Here we have parks for children. Y'all must really love them cars over there.

Posted by: Donnah at September 14, 2004 at 02:07 PM

This story is totally believable. How dare you question the author's credibility!

Cardiologist are notorious racist war-mongers. Have you ever had the misfortune to meet a drunken Cardo in a bar? Believe me, you better watch your step. And what ever you do, don't go near those Cardo clubs.

Posted by: John in Tokyo at September 14, 2004 at 02:25 PM

How about a bitumen ashtray? All the pissheads from Queensland who won't be able to smoke in pubs soon could hang out looking surly and paranoid in the Middle East.

Posted by: Habib at September 14, 2004 at 02:26 PM

Lots o' refs to turning things into glass parking lots. Maybe it was one of my neighbors on vacation, translated from American to English.

Posted by: Doug at September 14, 2004 at 02:29 PM

Maybe an association with crystal(kristall)nacht. Both equal extermination. Hey, I know its a stretch, but what the heck.

Posted by: YoJimbo at September 14, 2004 at 02:30 PM

Maybe Condie's obsessed with crystal.

Posted by: Habib at September 14, 2004 at 02:30 PM

It was the election that brought One Nation Party leader Pauline Hanson to parliament on a ticket of anti-immigration, anti-Aboriginal aid and anti-globalisation.

She currently isn't the leader of the party (or even a member?), and the party didn't exist when she got elected.

Polls showed racial intolerance, especially against Muslims, growing.

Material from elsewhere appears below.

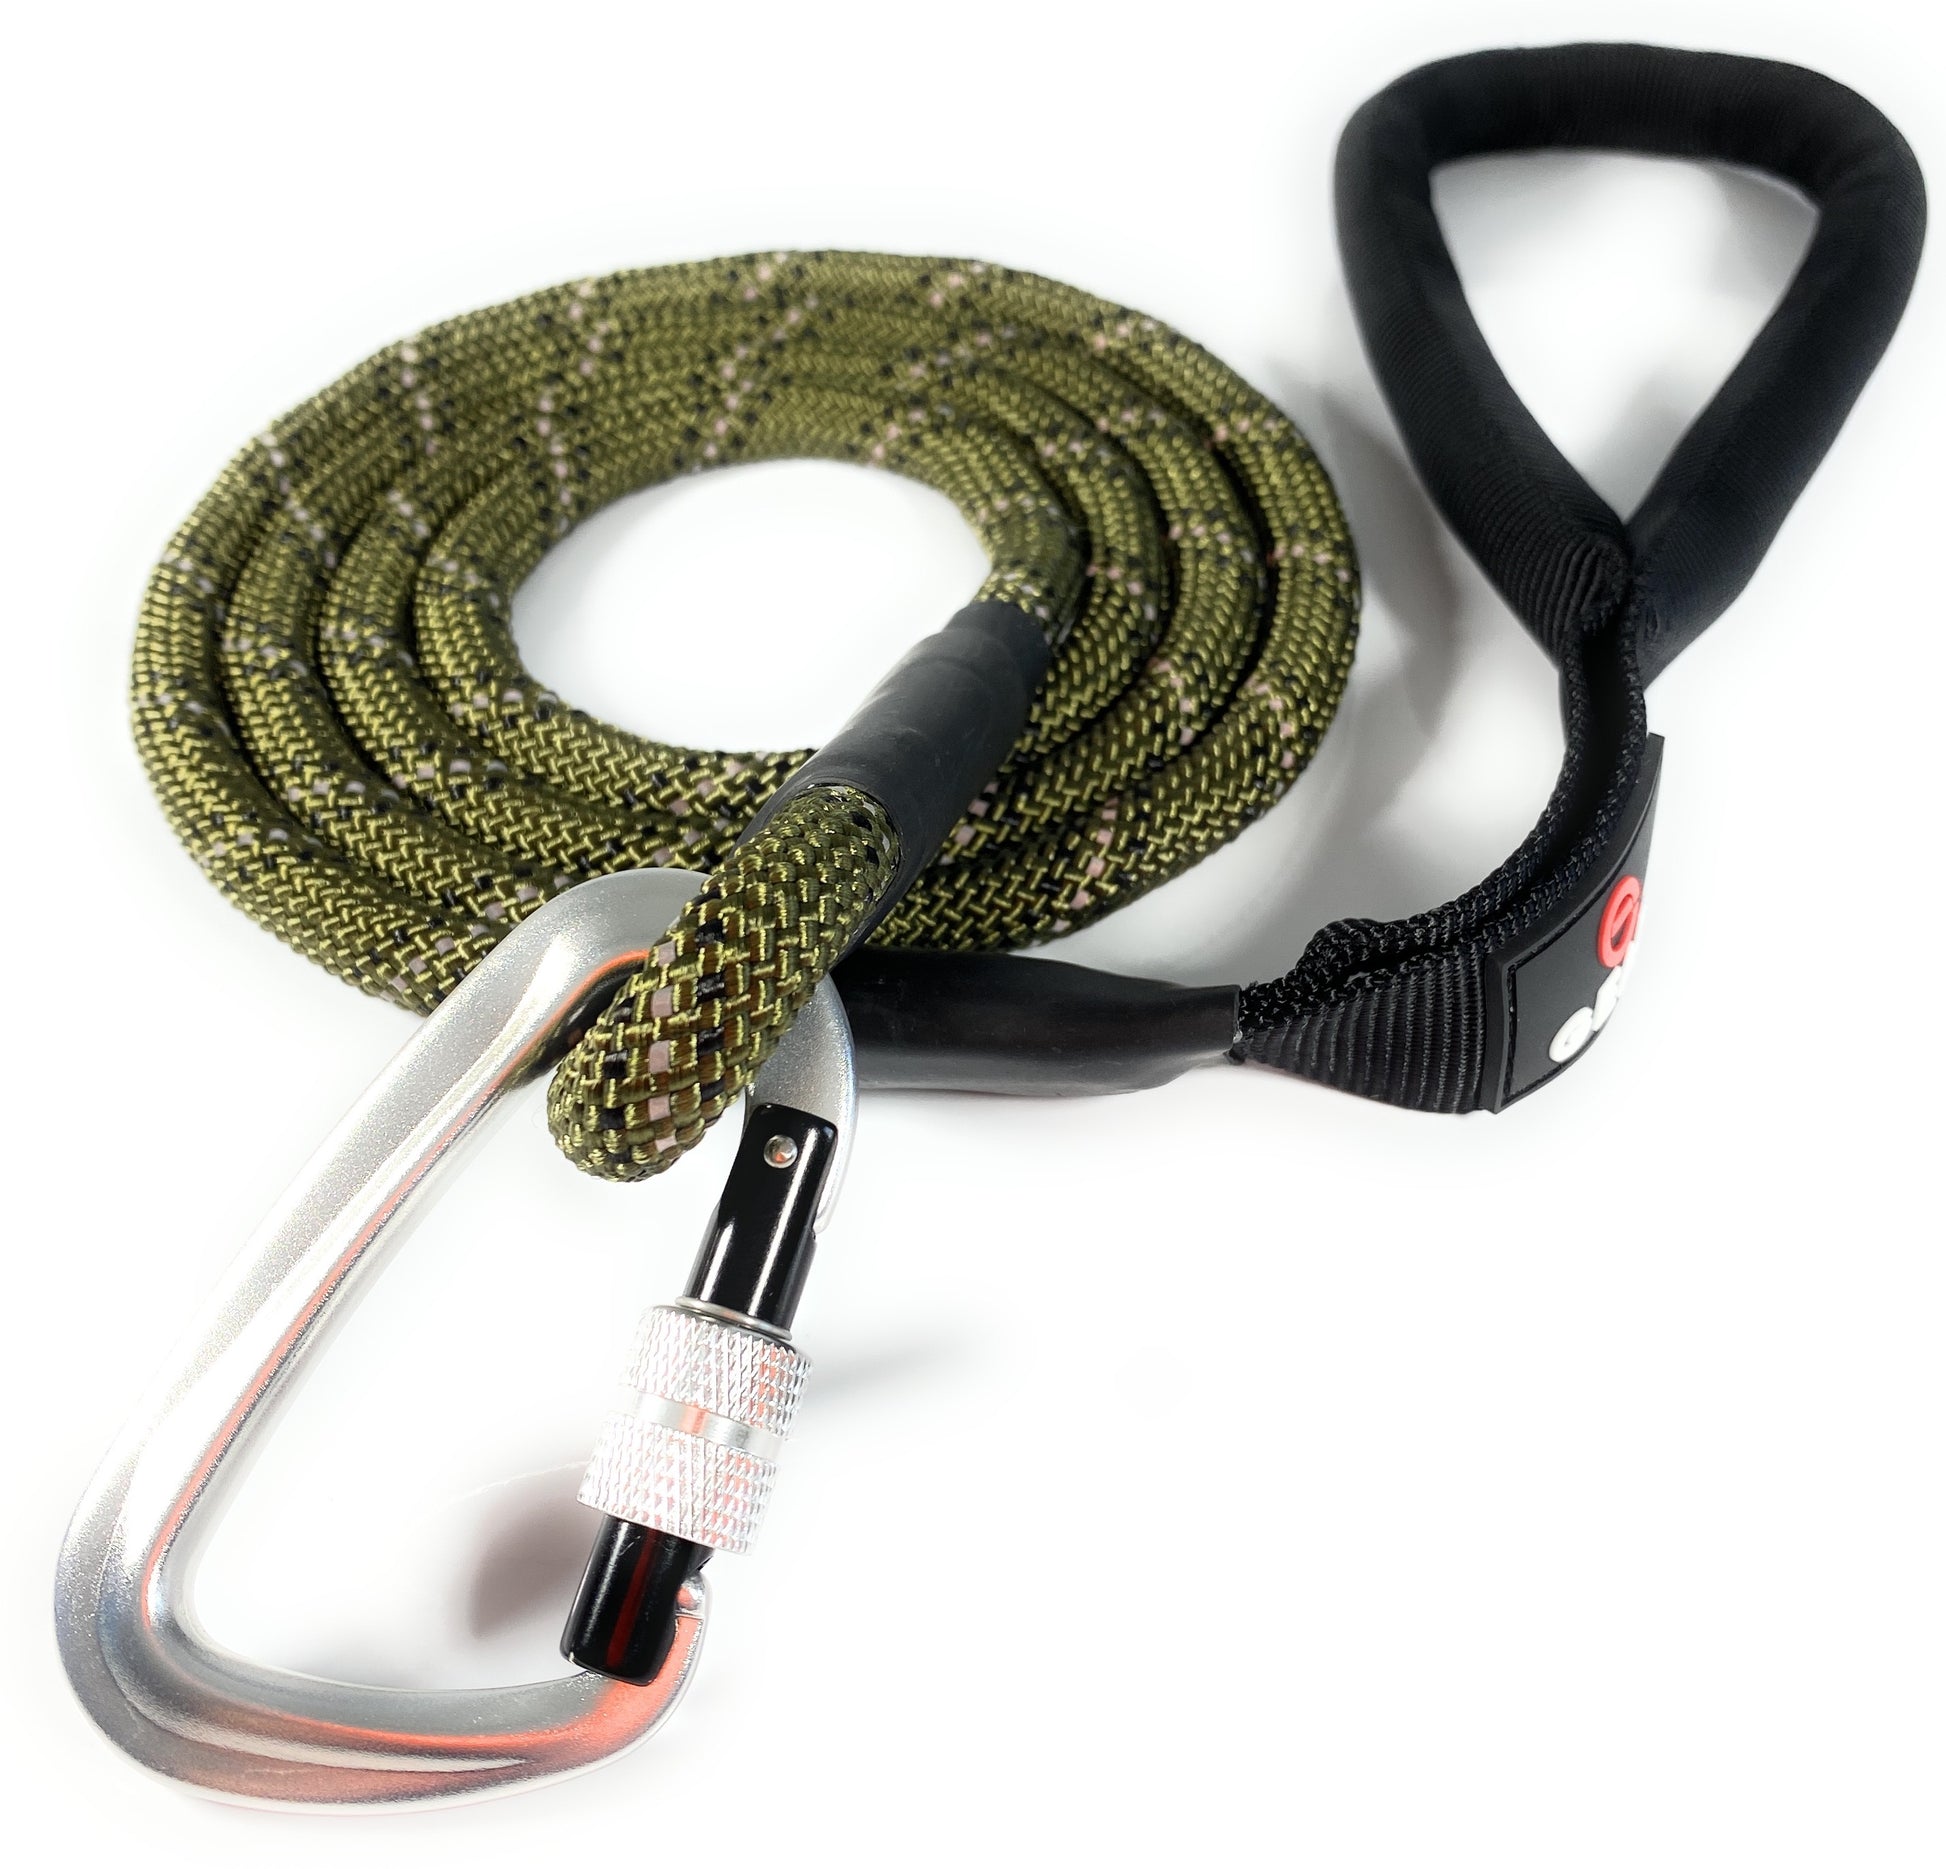 Climbing Rope Dog Leash with Locking Carabiner - Military Green

What poll questions were asked?

On the eve of the last national poll in October 2001, a group of 200 desperate asylum-seekers, mainly Iraqis, jumped with their children from a sinking boat off the Australian coast.

Wouldn't there have been a number of Afghanis?

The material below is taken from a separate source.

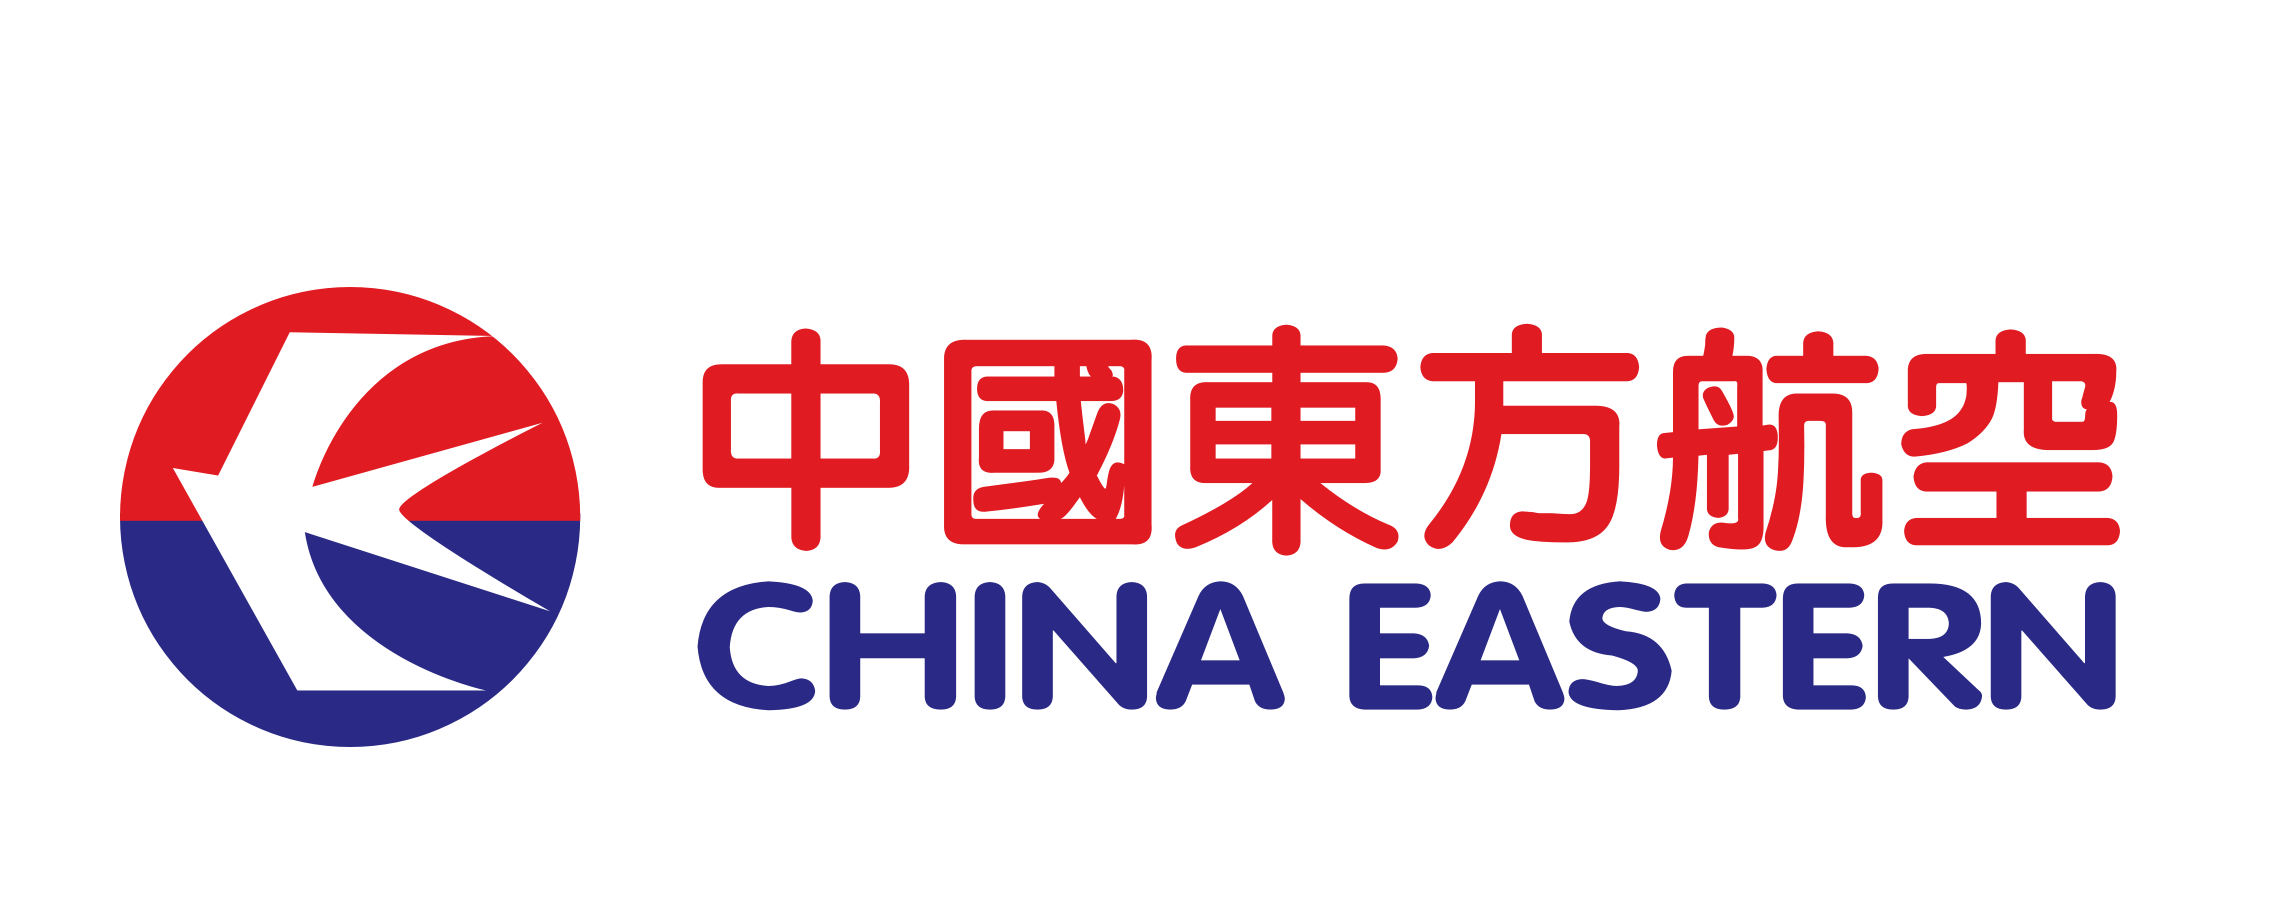 China Eastern Airlines - 9470

Posted by: Andjam at September 14, 2004 at 02:39 PM

I've heard "glass parking lot" quite a bit here (American midwest). It doesn't make complete sense as an expression, but it is around. (Besides, lots of phrases don't make much sense when broken up - kick the bucket, anyone? :)) And I've noticed that British newspapers tend to "translate" when they're quoting Americans, so if this guy was actually American instead of Australian - or an Australian very American-influenced in some ways - that probably would have turned "parking lot" into "car park." (Would Condie be able to tell the difference between the accents? You'd think so, but then, never underestimate the strange powers of the overeducated).

Of course, if the guy *was* American, that would be rather sloppy reporting in a story supposedly about Australian attitudes ("A cardiologist has said it! FOLLOW, O MEN OF AUSTRALIA!). Otherwise it looks like the usual sleaze job from the Guardian. Look long enough and you can find someone who'll say anything.

Posted by: Sonetka at September 14, 2004 at 02:46 PM

I think this guy's been reading too much Tom Clancy . . . . in one of his books, there's a guy saying they'll turn the Bekaa Valley into a car park and send in the Marines to paint the lines.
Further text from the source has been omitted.